### Task objective
An exact, complete printout of the listing is wanted, minus its images.

### Input for this task

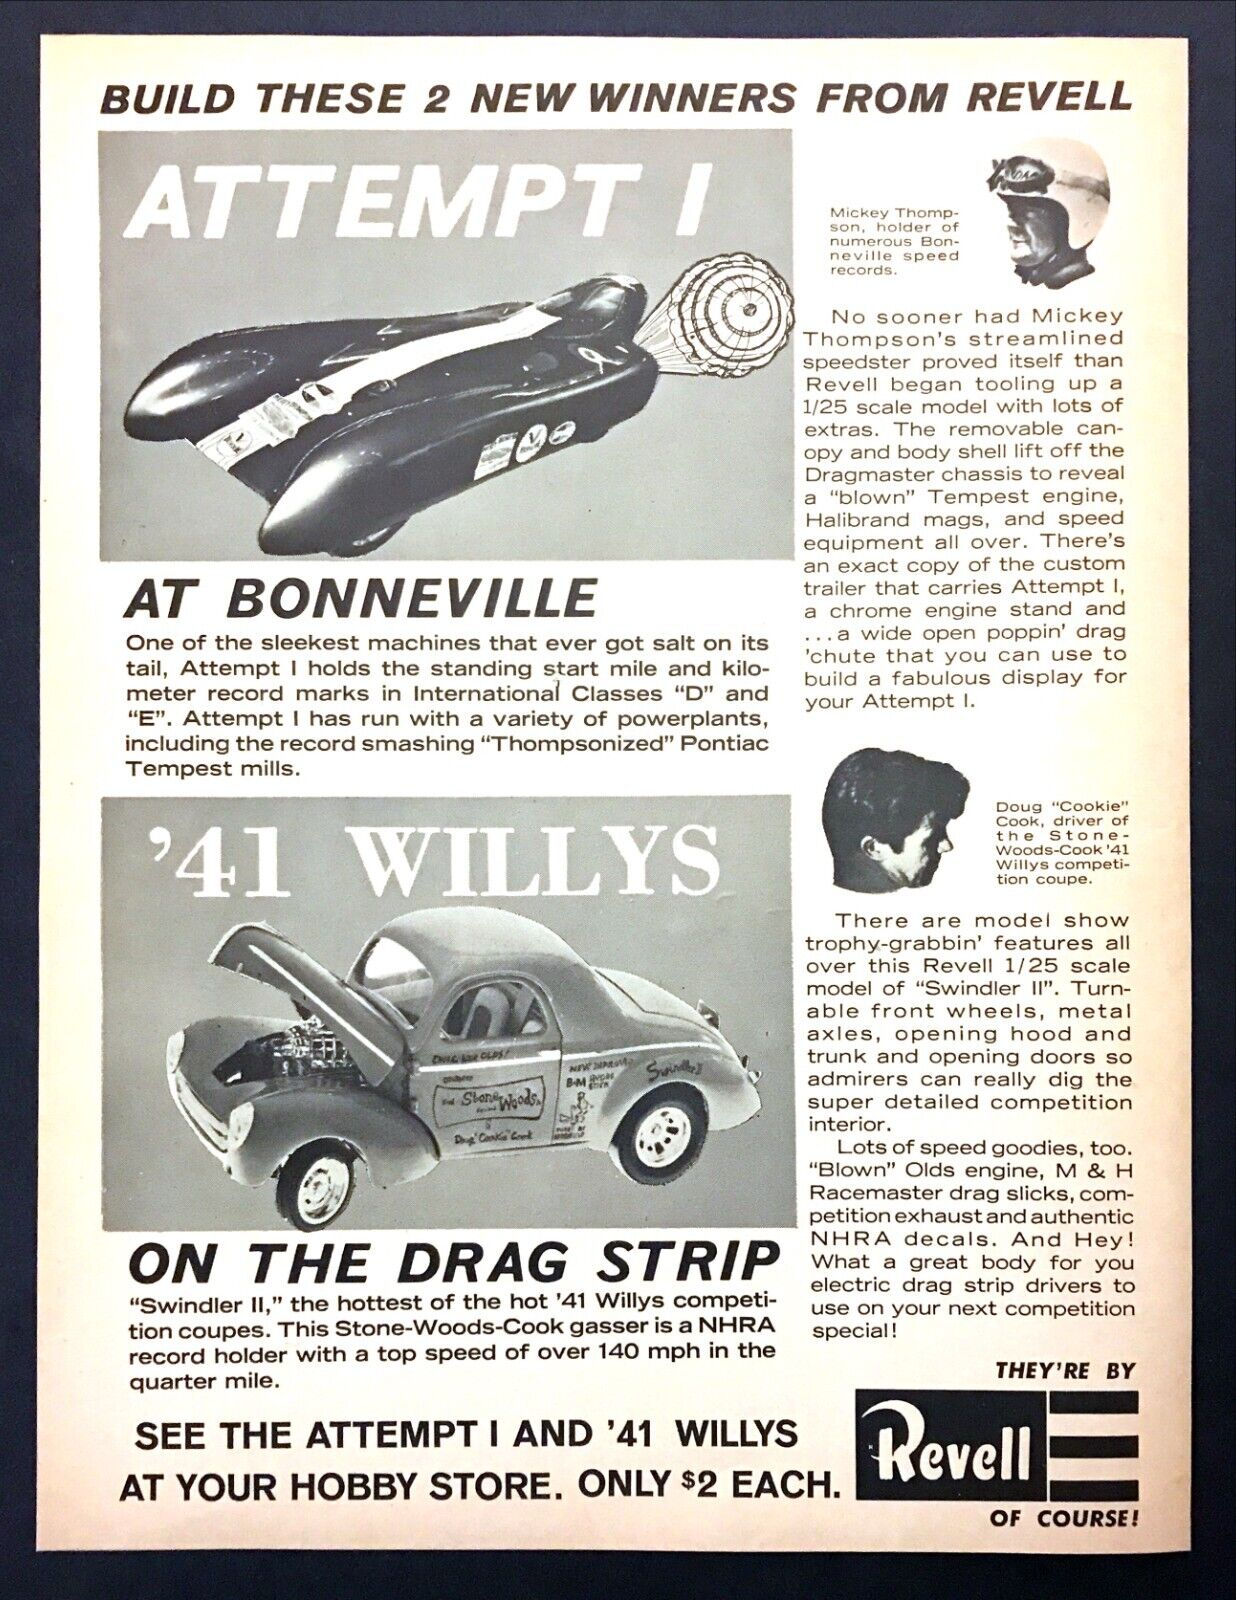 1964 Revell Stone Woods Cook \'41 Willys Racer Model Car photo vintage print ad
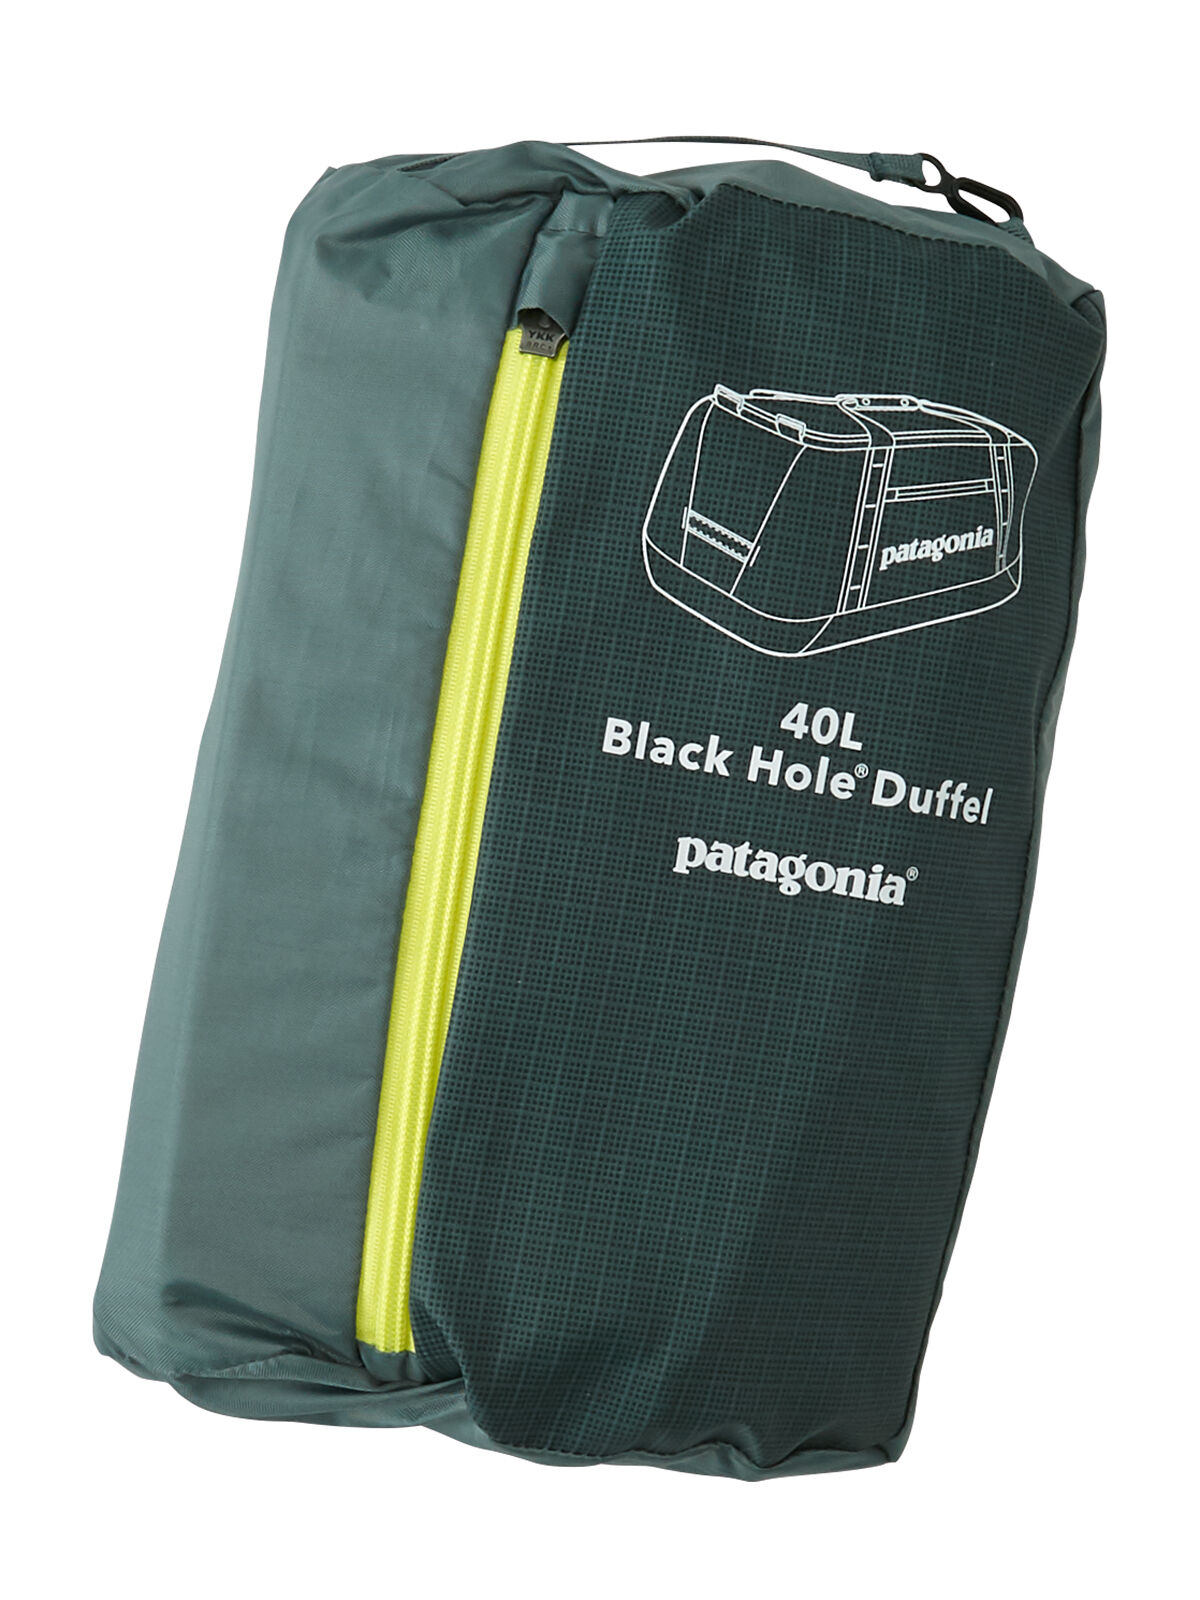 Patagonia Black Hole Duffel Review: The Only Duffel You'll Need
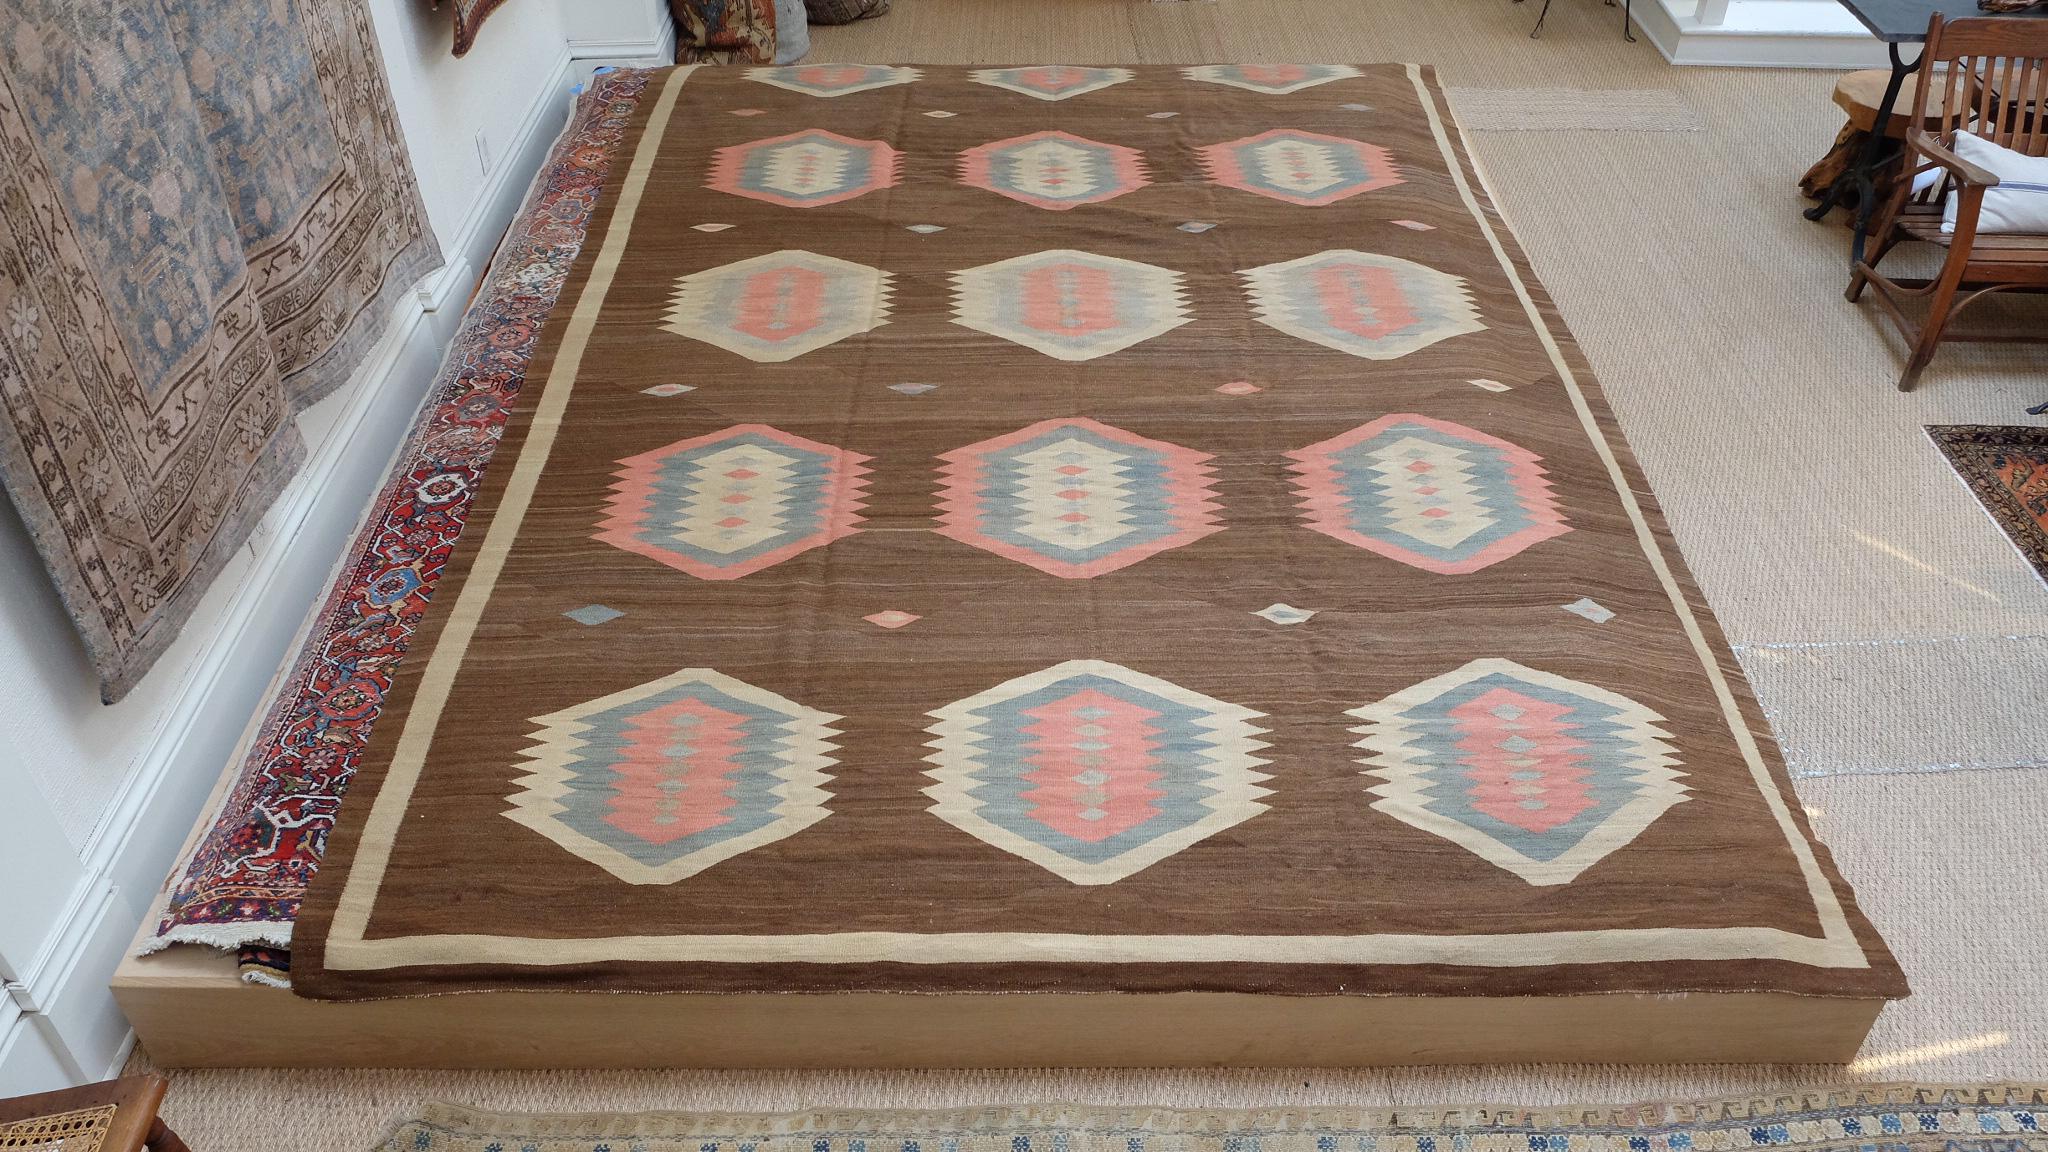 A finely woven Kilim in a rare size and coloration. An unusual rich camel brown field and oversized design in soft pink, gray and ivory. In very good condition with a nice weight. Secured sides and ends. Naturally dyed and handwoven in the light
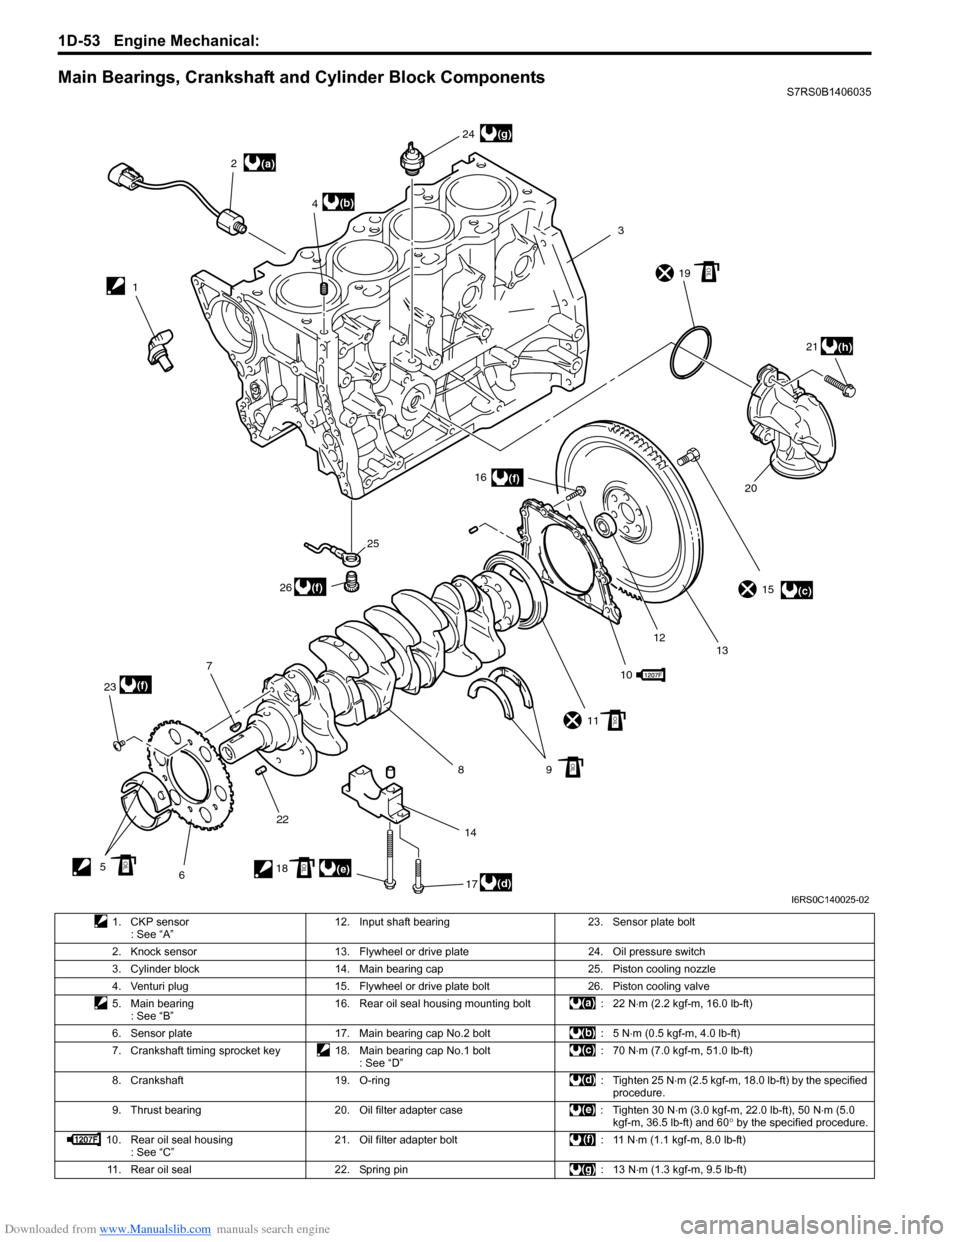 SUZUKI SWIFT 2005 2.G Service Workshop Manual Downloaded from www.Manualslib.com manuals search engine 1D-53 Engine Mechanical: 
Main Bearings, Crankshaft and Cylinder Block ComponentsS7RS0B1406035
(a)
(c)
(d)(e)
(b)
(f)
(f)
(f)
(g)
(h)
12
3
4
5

### Answer to the exercise
 1964 Revell Stone Woods Cook \'41 Willys Racer Model Car photo vintage print ad
 Patagonia Black Hole Duffel Review: The Only Duffel You'll Need
 A finely woven Kilim in a rare size and coloration. An unusual rich camel brown field and oversized design in soft pink, gray and ivory. In very good condition with a nice weight. Secured sides and ends. Naturally dyed and handwoven in the light
 SUZUKI SWIFT 2005 2.G Service Workshop Manual Downloaded from www.Manualslib.com manuals search engine 1D-53 Engine Mechanical: 
Main Bearings, Crankshaft and Cylinder Block ComponentsS7RS0B1406035
(a)
(c)
(d)(e)
(b)
(f)
(f)
(f)
(g)
(h)
12
3
4
5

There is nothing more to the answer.